My objective here was to jump all the way back to the beginning of the buffer so that I have 3000+ bytes to work with. The first thing we need to do is align the stack in our current buffer area. To do this we increase ESP by 1188 in order to place ESP right at the end of our current buffer. So whatever we push onto the stack will get executed. To do this, we push the value of ESP onto the stack, we pop it into EAX, we adjust it using sub encoding, and then we push the value of EAX onto the stack and pop it into ESP. Now, our stack is located at the end of our current buffer segment.
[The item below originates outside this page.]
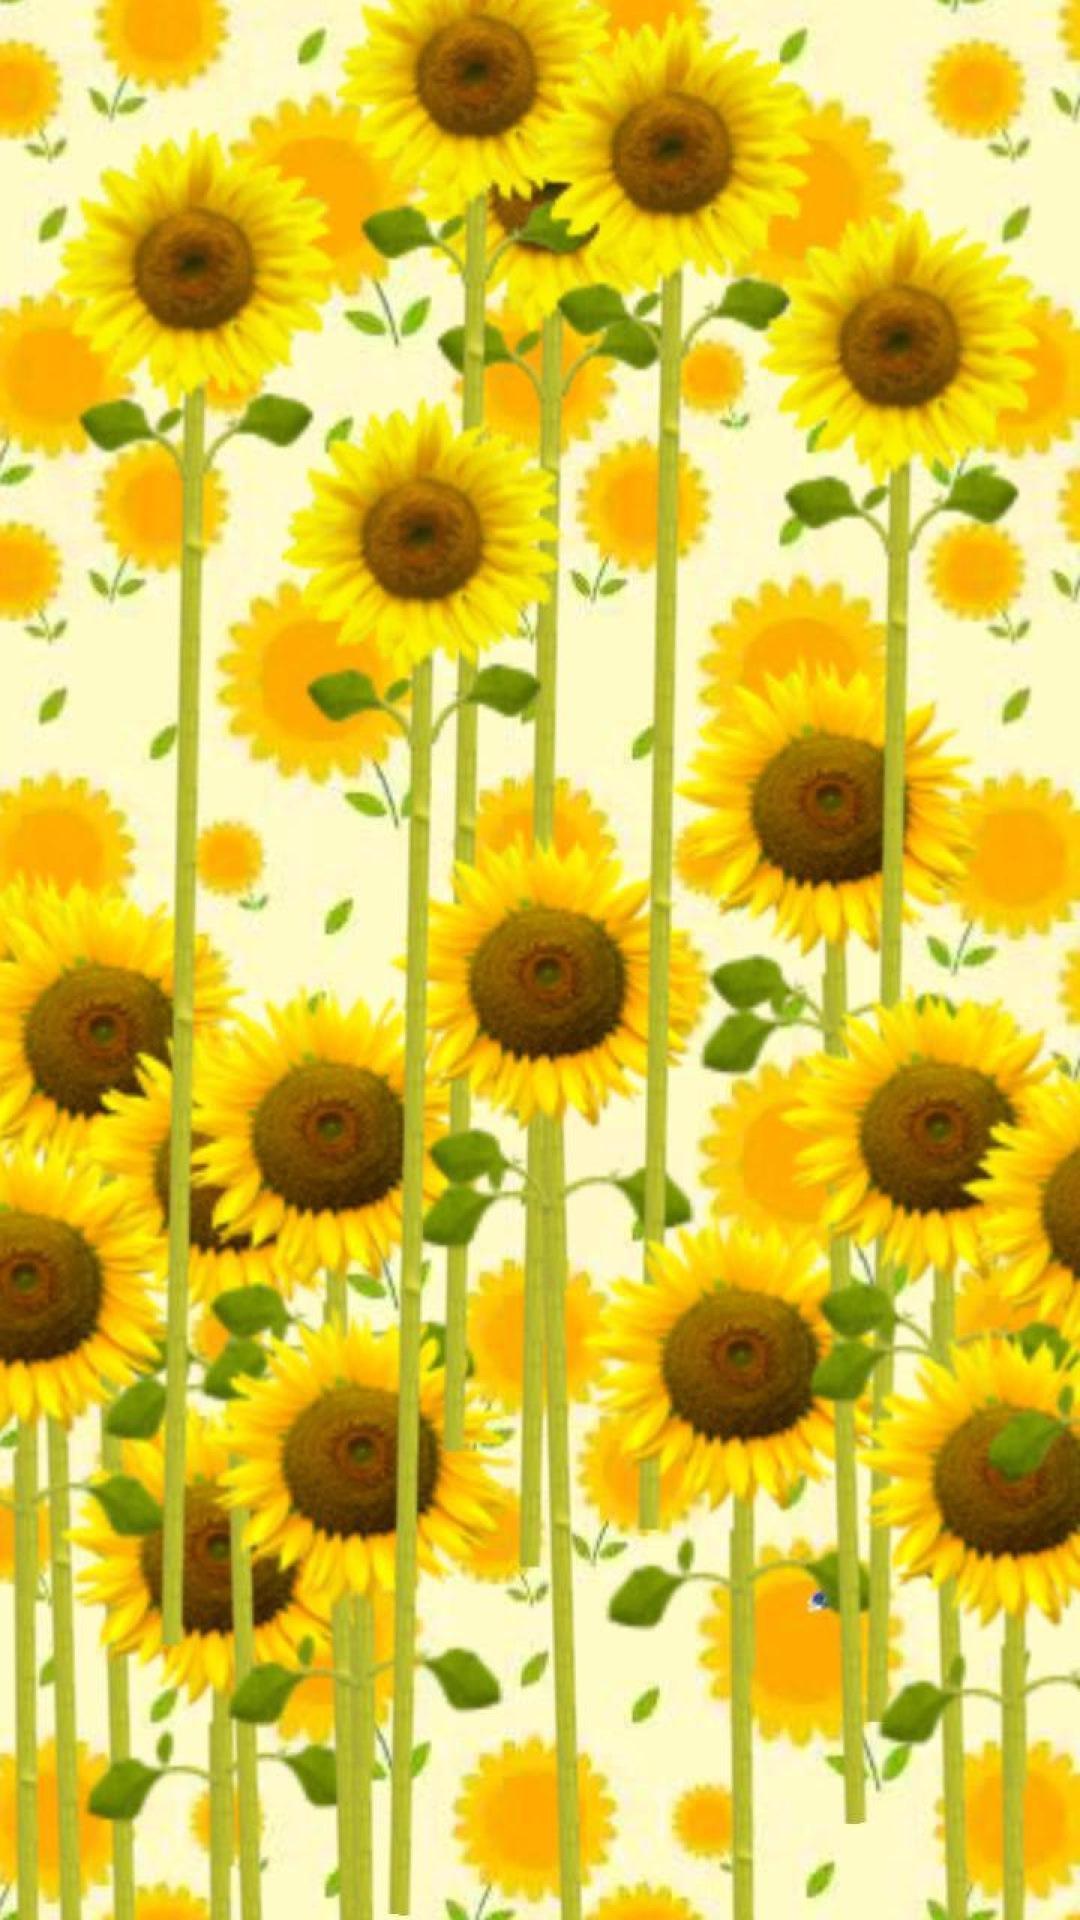 向日葵主题动态壁纸下载
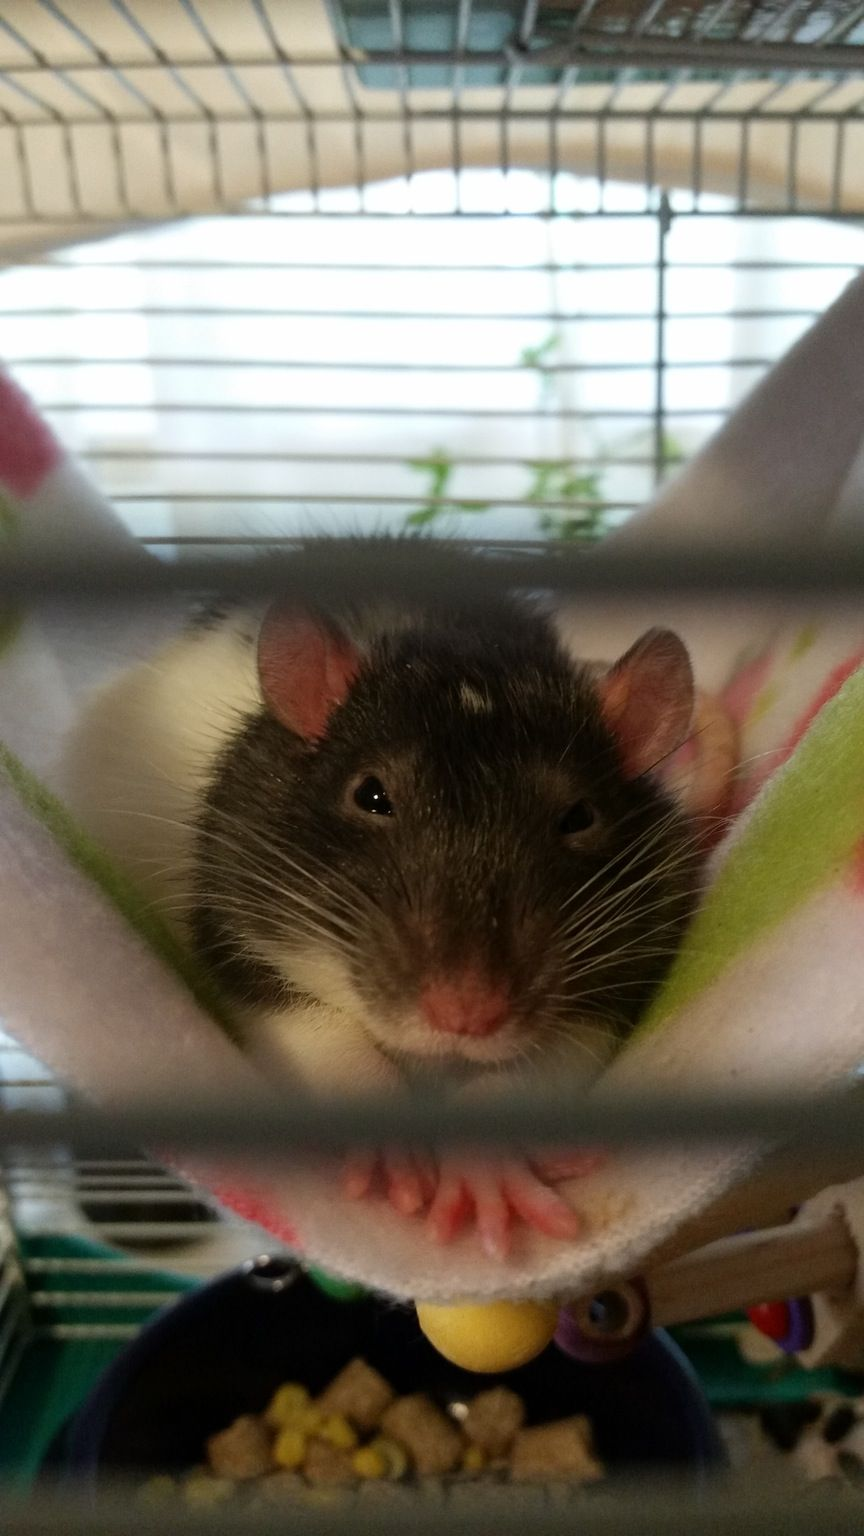 Pin by Alexzander on Rats Funny rats, Pet rats, Little pets

Sub encoded stack adjustment

From here, we want to jump backwards from the location of our stack to the beginning of our buffer. We do the math and see that we need to jump back 0xdb9, we would normally perform a near jump to FFFFF264, opcodes would translate to E9 64F2FFFF due to endianess. We will have to write this as two instructions on the stack to account for the uneven number of bytes, since we can only write 4 bytes at a time. We must zero out the EAX register before sub encoding instructions. We want to sub encode the values 64F2FFFF and E9414141 and push them on the stack in that order.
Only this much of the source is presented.